● **Exercise description**:
The answer consists only of the lines from the beginning of the listing below to the line holding "THE NEW White Swan/Limoges Striped Bluse", inclusive, with every picture removed.

● **Data**:
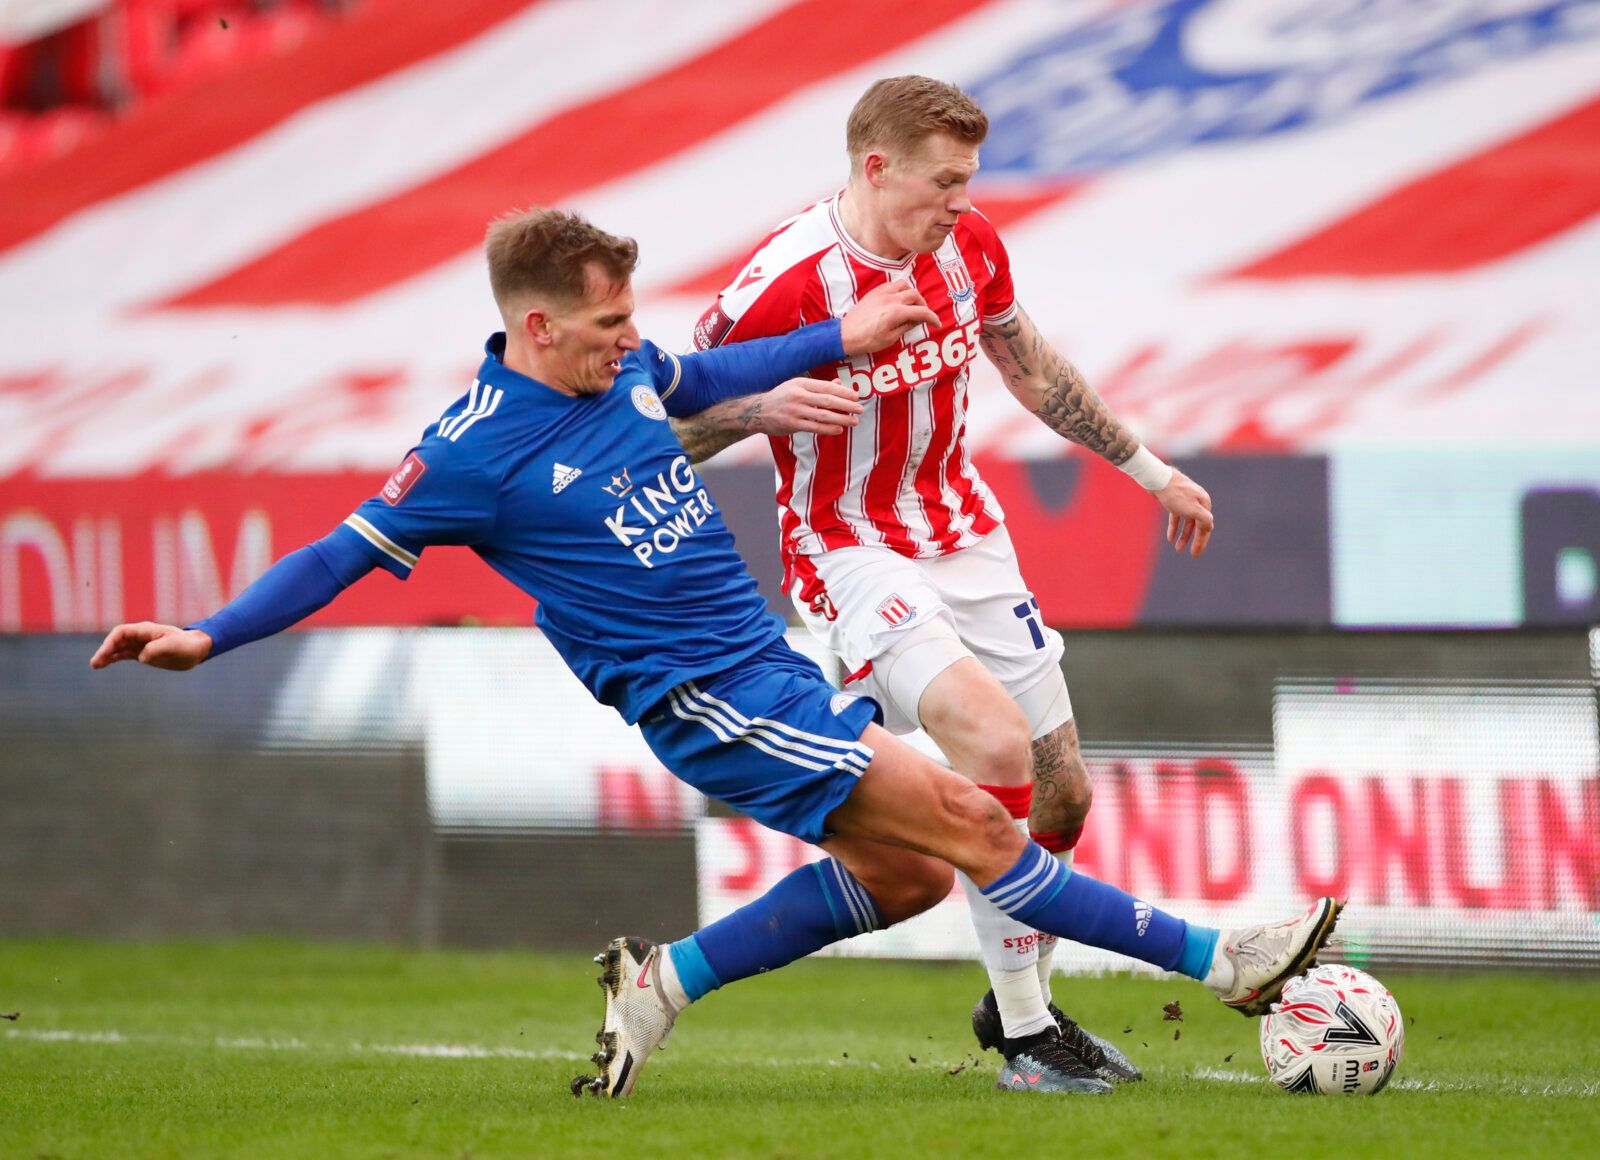 Soccer Football - FA Cup - Third Round - Stoke City v Leicester City - bet365 Stadium, Stoke-On-Trent, Britain - January 9, 2021 Stoke City's James McClean in action with Leicester City's Marc Albrighton Action Images via Reuters/Andrew Boyers
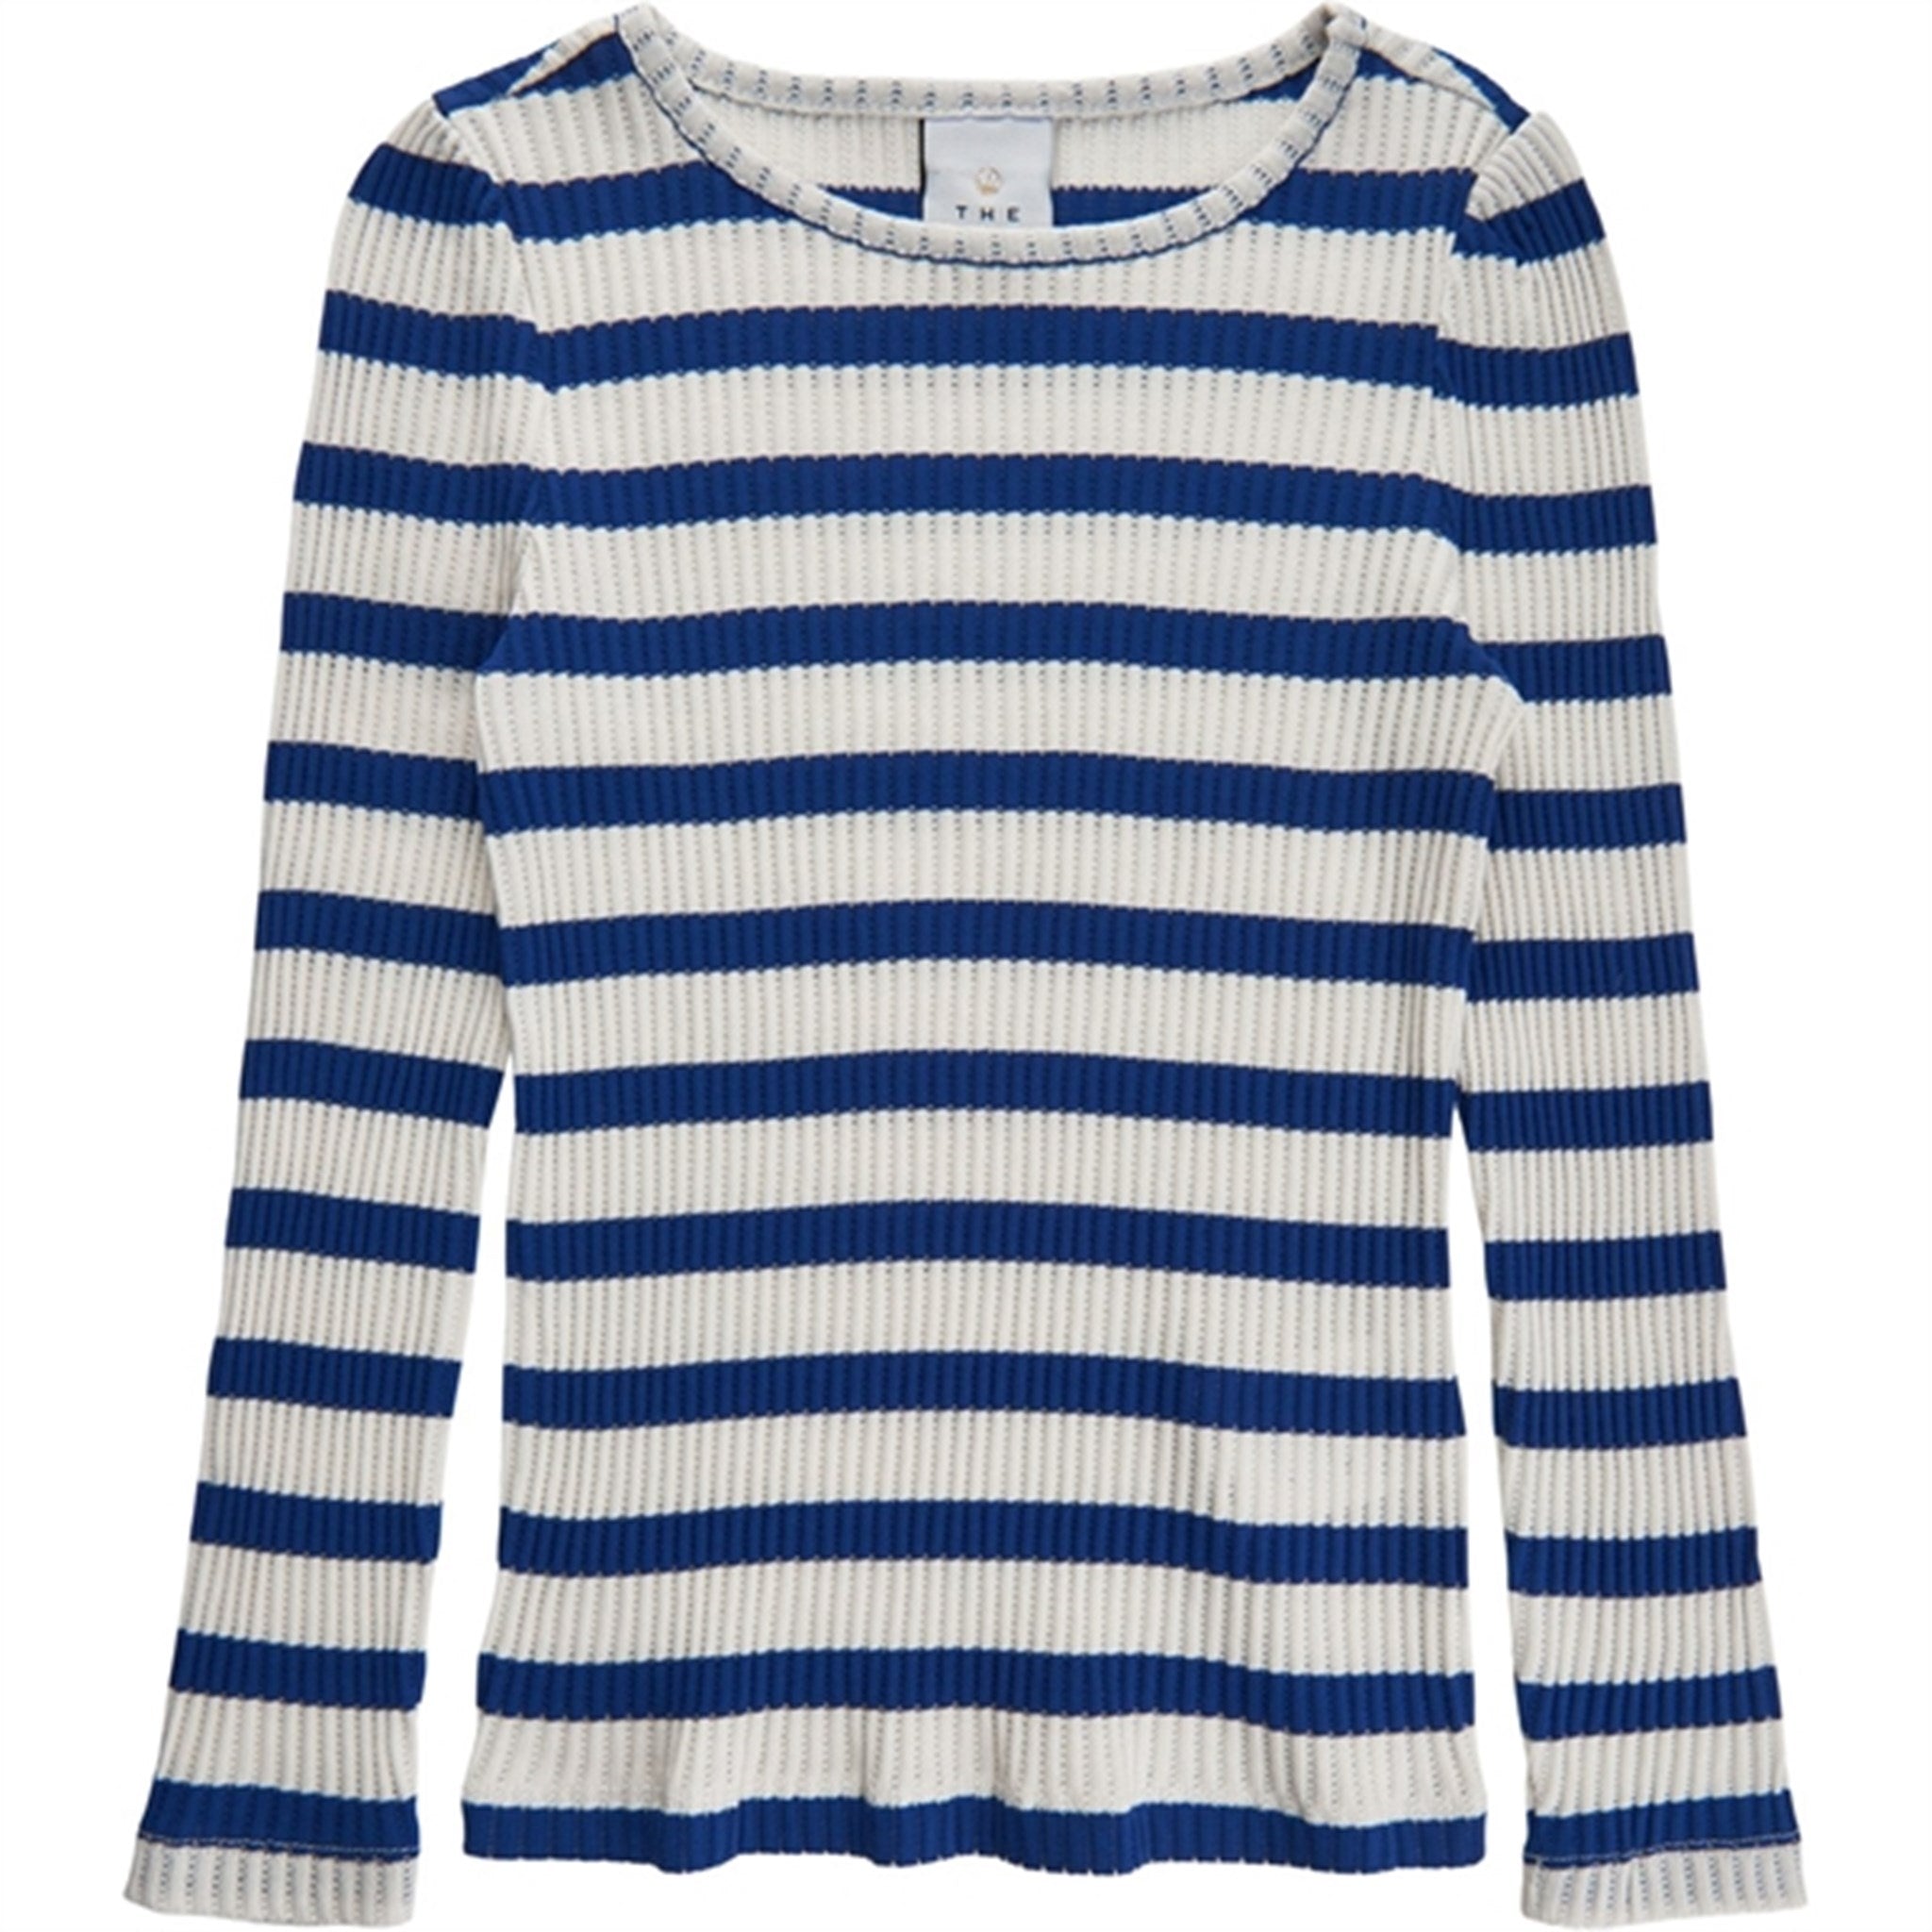 THE NEW White Swan/Limoges Striped Bluse
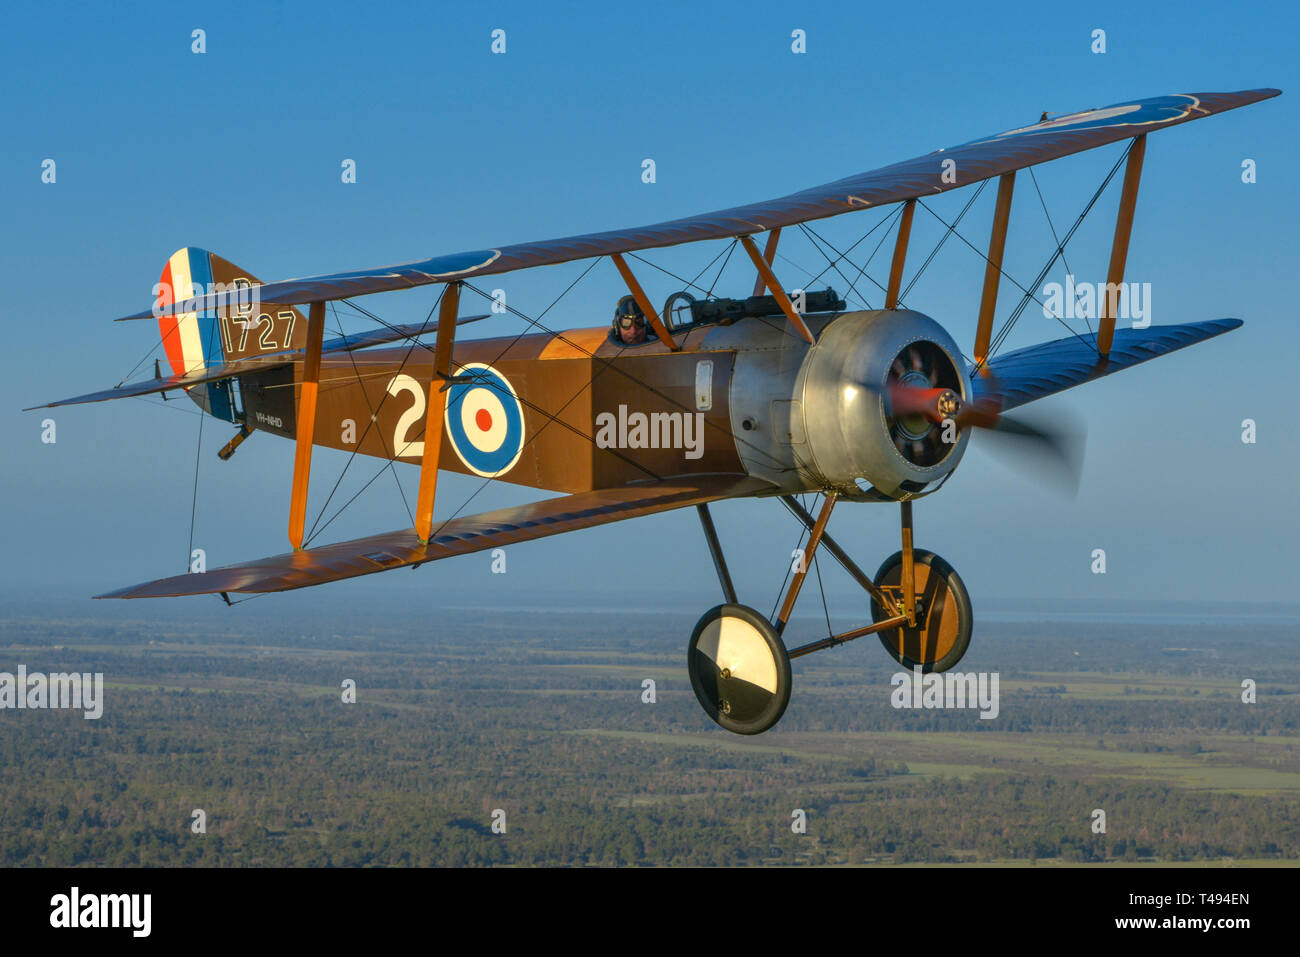 Air to air photo shoot of a First World War Sopwith Pup biplane, Serpentine airfield, Western Australia. The aircraft is banking towards the camera. Stock Photo

● **Solved exercise**:
 Soccer Football - FA Cup - Third Round - Stoke City v Leicester City - bet365 Stadium, Stoke-On-Trent, Britain - January 9, 2021 Stoke City's James McClean in action with Leicester City's Marc Albrighton Action Images via Reuters/Andrew Boyers
 THE NEW White Swan/Limoges Striped Bluse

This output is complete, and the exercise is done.